Who decided to work an extra five hours after my 10 hours day shift?
OH YEAH. That was my decision. What is funny about it is, everyone keeps saying "Geez, Nicole you shouldn't work that much..."
Truth is, I have to. I have a nanny. Bills. Gas. Groceries. Kids to feed and clothe.
And while a lot of people get to do it as a doubled unit, I am a lone wolf.
My decision to leave my marriage was not one that I took lightly. It happened almost five years ago now, and I had finally decided that enough was enough. I was done with the lying and the cheating, done on both parts, I won't place all of the blame on him. I was done with constantly feeling like I was not myself, and I had to fit for affection from him. WHY should I have to fight for affection? No one should. No one. But, there I was. Wanting to have kids, and doing anything possible to do it. I really wanted to be pregnant, and we had just started going to the fertility clinic, and picking profiles out of the books, and he said to me "I don't want some other guys baby in you."
WOW.
Talk about selfish, and he was and still is totally selfish.
BUt, at the time I wanted both of us to be happy, and I figured the best way was to actually sacrifice my dream of being pregnant and becoming a mom the ole fashioned way to becoming a mother who adopted two children to give them a better life. So, I relented. And agreed.
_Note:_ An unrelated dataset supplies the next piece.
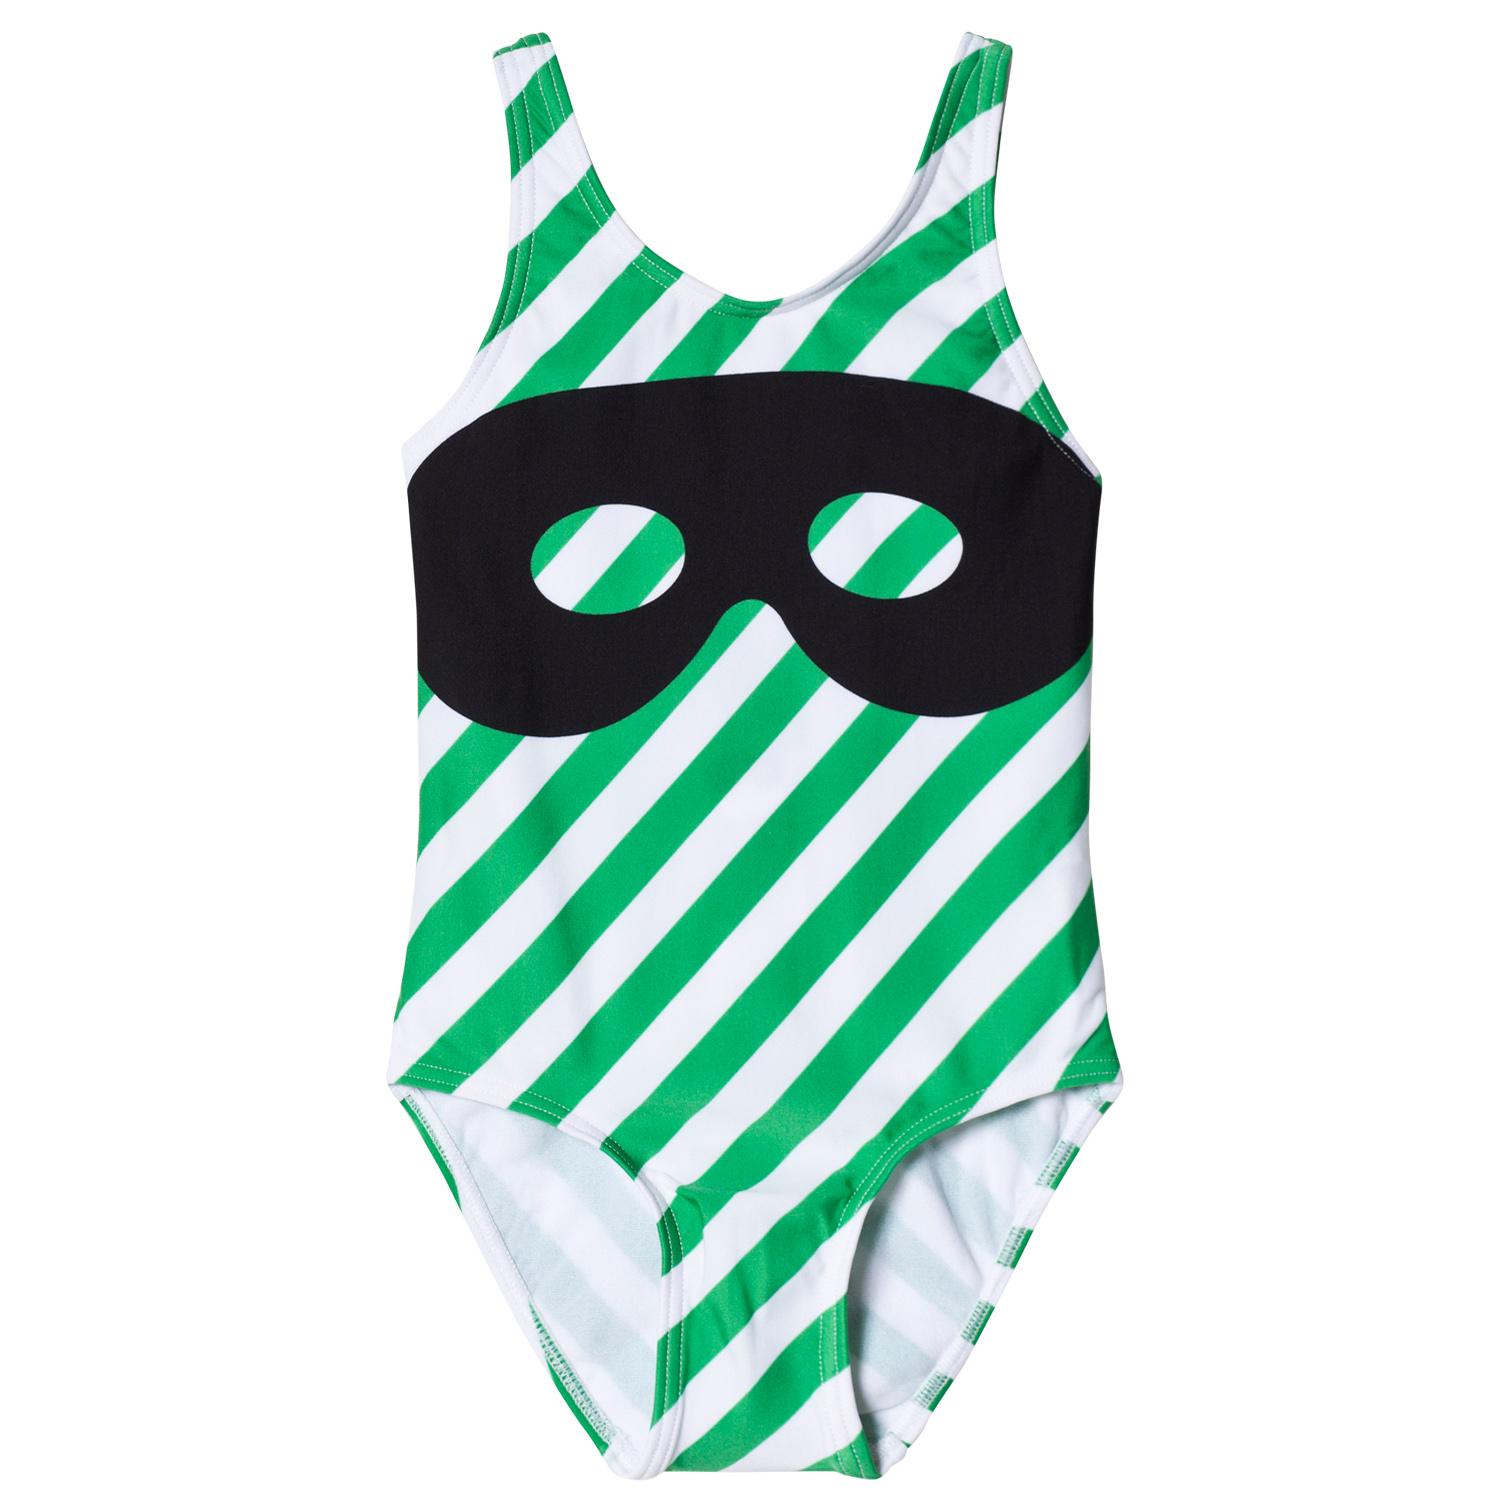 Beau Loves Green Stripe Swim Suit, £26.jpg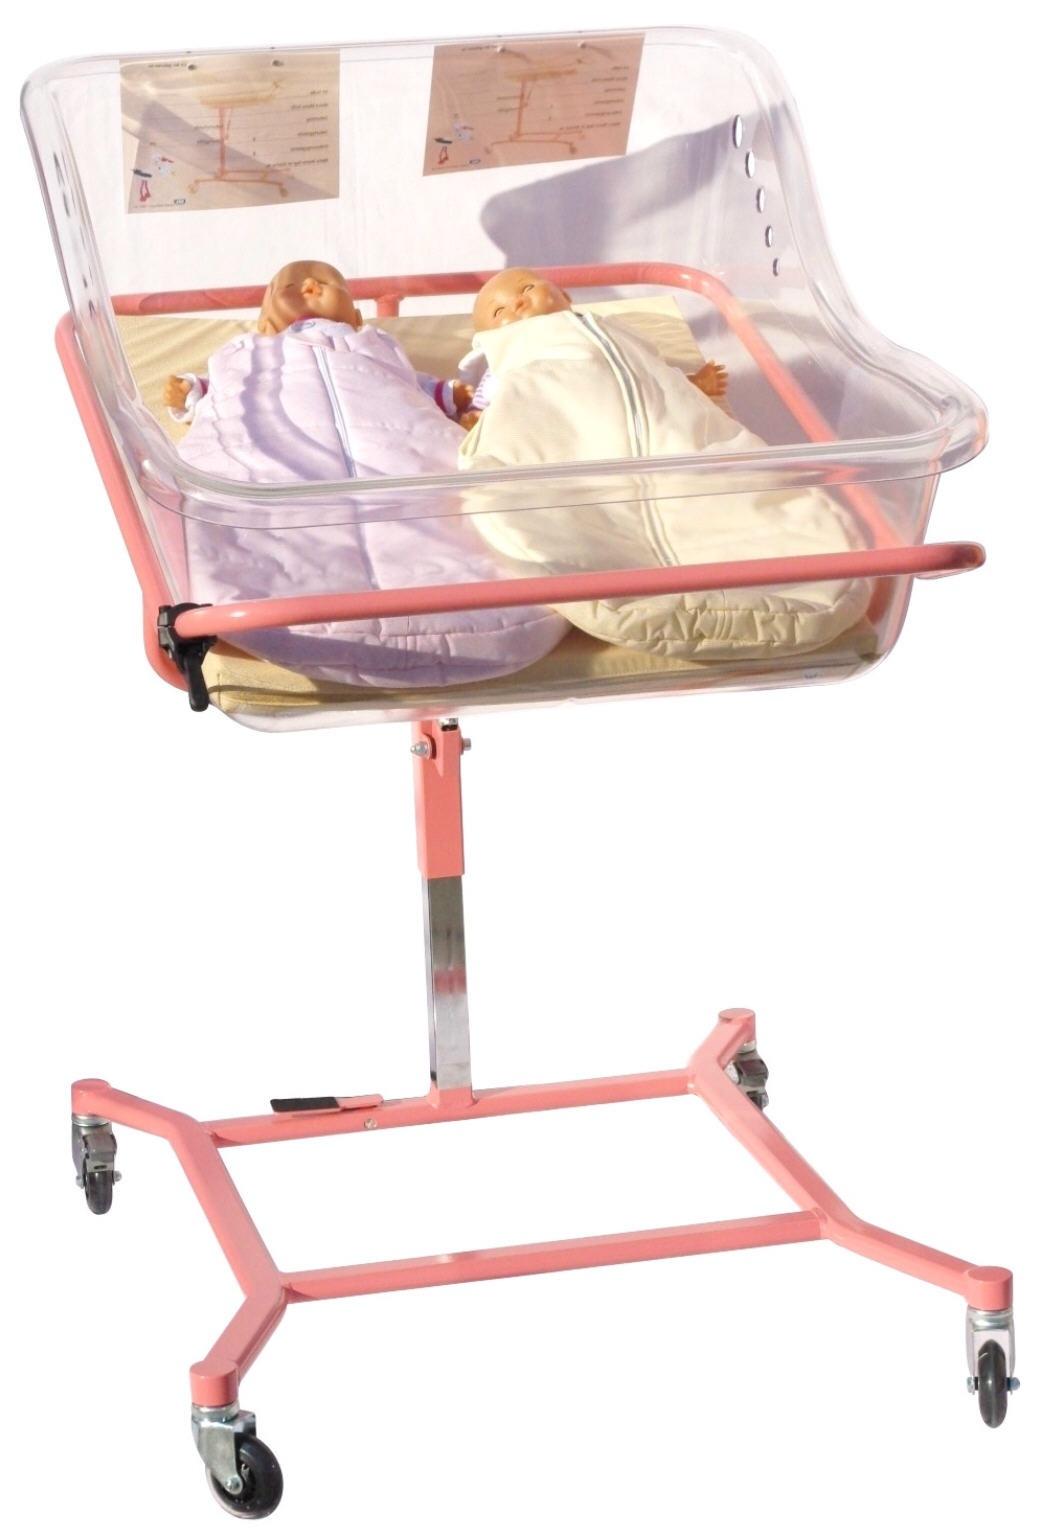 Dmp distribution lit de b b berceau babynel duo r glable en hauteur - Lit bebe hauteur reglable ...

The most horrible and painful experience was asking my cousin to be my Maid of Honour for my wedding. I remember she texted me one day before my wedding, months and months before and told me that she couldn't make it. I was so heartbroken, but what she said next I was never prepared for the feelings I went through for the next few months.
"Hey cuz, I can't make your wedding, and I am so sorry."
"Why not?" I had asked her.
"Well. Because I will be having my baby, I'm pregnant." She said.
Silence. Like a long pause.................................................................................
"What?" I squeaked out.
"I'm pregnant." She stated, and then I could hear the excitement in her voice, and how she was holding back tears, and she sighed long.
"I'm so sorry Nik, I really wanted to be there on your day." She said with much love and sorrow in her voice.
Now, I was so torn between my anger, my love, and my jealously. HOW DARE YOU MISS MY WEDDING??!!! Was all I could think of. And then the real reason I was mad came out. My cousin, my I wish she was my sister cousin, was pregnant, and I was not. Nor was I ever going to be. Ever. And I started to cry. As my tears came down and dripped all over my counter top, and my three legged dog Deogee rubbed against my leg for comfort, I said to her "oh my god! I'm going to be an Auntie!!!!" But meanwhile, deep down inside, I was dying a slow and painful death of a 100 people. I started my grief process that same day, and secretly hated her for being pregnant without me, and being able to have that blessing without me, for enjoying that moment of motherhood, without me. And missing my wedding. I felt like I had just been punched in the gut, and my fingernails ripped out one by one. It was one of the most painful expereicnes I had ever had. It was right next to knocking on someones door, and wearing my Forge Cap, and informing someone they had lost a loved one. Because lets face it, sometimes us Police Officers have more bad news then good news some days.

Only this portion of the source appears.